Traceback (most recent call last):
  File "/home/finsee/mysite/pages/sqltester.py", line 1, in <module>
    from models import newsarticlestest
  File "/home/finsee/mysite/pages/models.py", line 7, in <module>
    class salarydata(models.Model):
  File "/usr/local/lib/python3.10/site-packages/django/db/models/base.py", line 127, in __new__
    app_config = apps.get_containing_app_config(module)
  File "/usr/local/lib/python3.10/site-packages/django/apps/registry.py", line 260, in get_containing_app_config
    self.check_apps_ready()
  File "/usr/local/lib/python3.10/site-packages/django/apps/registry.py", line 137, in check_apps_ready
    settings.INSTALLED_APPS
  File "/usr/local/lib/python3.10/site-packages/django/conf/__init__.py", line 87, in __getattr__
    self._setup(name)
  File "/usr/local/lib/python3.10/site-packages/django/conf/__init__.py", line 67, in _setup
    raise ImproperlyConfigured(
django.core.exceptions.ImproperlyConfigured: Requested setting INSTALLED_APPS, but settings are not configured. You must either define the environment variable DJANGO_SETTINGS_MODULE or call settings.configure() before accessing settings.

2023-12-04 13:30:37 -- Completed task, took 22.85 seconds, return code was 1.

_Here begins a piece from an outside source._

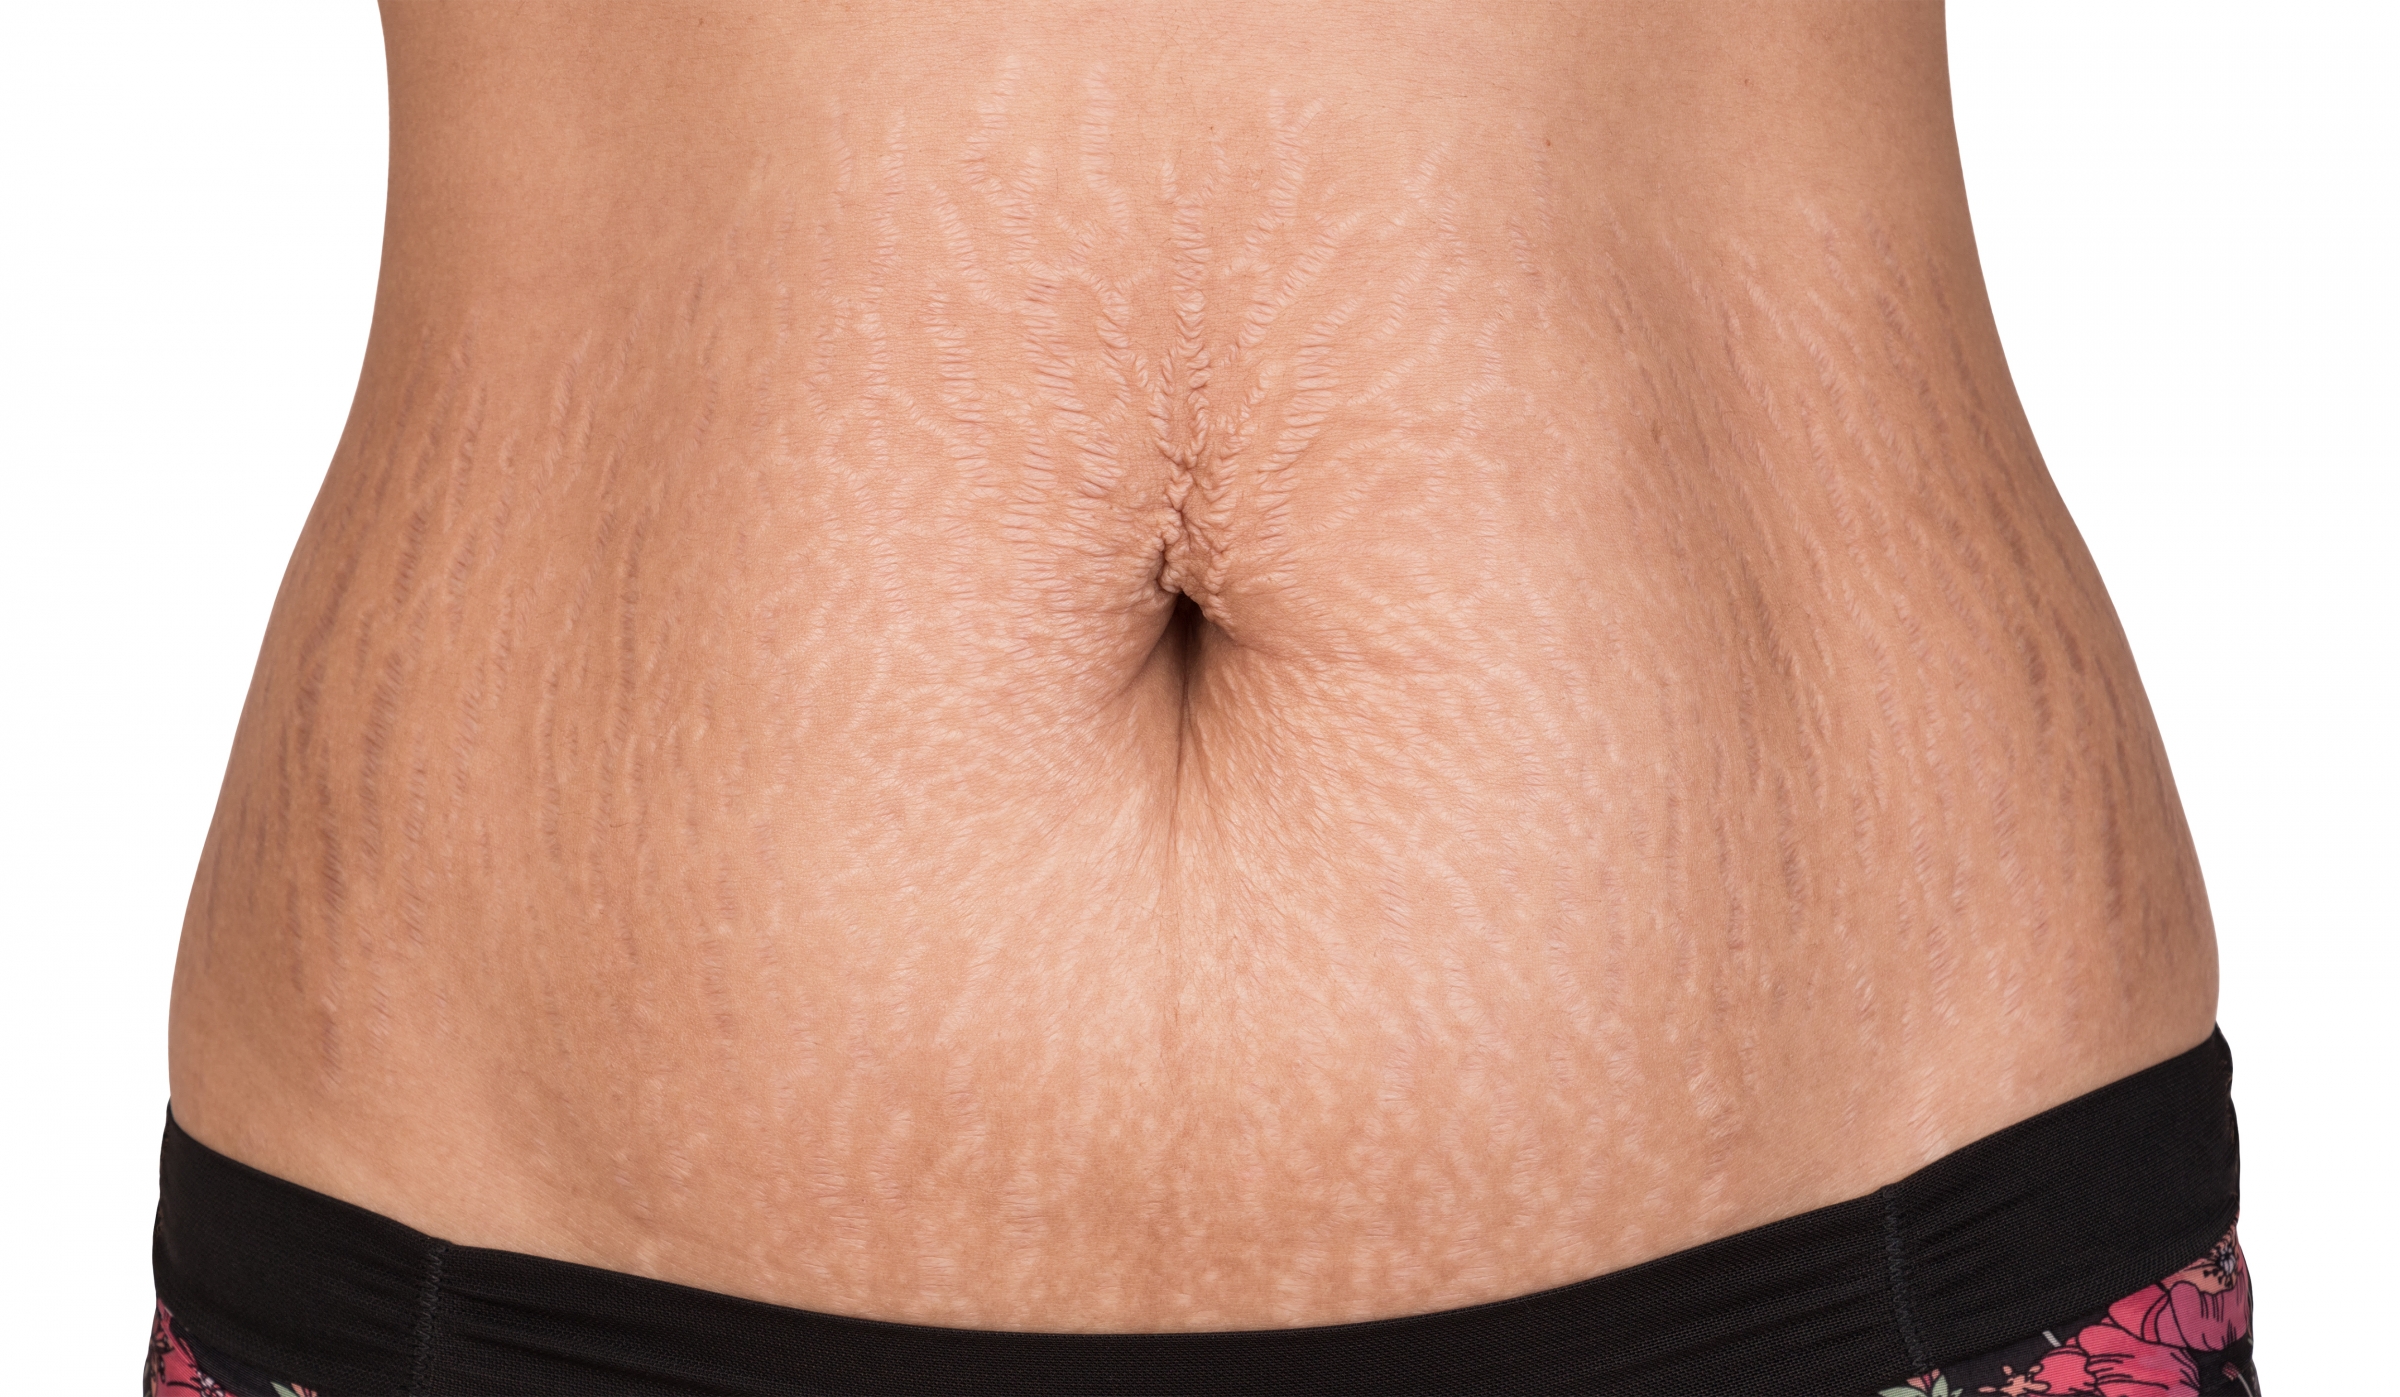 Stretch marks cannot be treated, but they can be removed during a body contouring procedure. To learn more in Southern Florida, contact the Weston Center for Aesthetic Medicine & Surgery today

making the virtual environment

import os
import django
os.environ.setdefault('DJANGO_SETTINGS_MODULE', '/home/finsee/mysite/mysite/settings.py')
django.setup()
from models import newsarticlestest
from datetime import datetime

def save_current_datetime():
    now = datetime.now()
    now_str = now.strftime("%Y-%m-%d %H:%M:%S")
    new_entry = newsarticlestest(tester=now_str)
    new_entry.save()

save_current_datetime()

Traceback (most recent call last):
  File "/home/finsee/mysite/pages/sqltester.py", line 4, in <module>
    django.setup()
  File "/usr/local/lib/python3.10/site-packages/django/__init__.py", line 19, in setup
    configure_logging(settings.LOGGING_CONFIG, settings.LOGGING)
  File "/usr/local/lib/python3.10/site-packages/django/conf/__init__.py", line 87, in __getattr__
    self._setup(name)
  File "/usr/local/lib/python3.10/site-packages/django/conf/__init__.py", line 74, in _setup
    self._wrapped = Settings(settings_module)
  File "/usr/local/lib/python3.10/site-packages/django/conf/__init__.py", line 183, in __init__
    mod = importlib.import_module(self.SETTINGS_MODULE)
  File "/usr/local/lib/python3.10/importlib/__init__.py", line 126, in import_module
    return _bootstrap._gcd_import(name[level:], package, level)
  File "<frozen importlib._bootstrap>", line 1050, in _gcd_import
  File "<frozen importlib._bootstrap>", line 1027, in _find_and_load
  File "<frozen importlib._bootstrap>", line 992, in _find_and_load_unlocked
  File "<frozen importlib._bootstrap>", line 241, in _call_with_frames_removed
  File "<frozen importlib._bootstrap>", line 1050, in _gcd_import
  File "<frozen importlib._bootstrap>", line 1027, in _find_and_load
  File "<frozen importlib._bootstrap>", line 1004, in _find_and_load_unlocked
ModuleNotFoundError: No module named '/home/finsee/mysite/mysite/settings'

2023-12-04 13:02:17 -- Completed task, took 9.52 seconds, return code was 1.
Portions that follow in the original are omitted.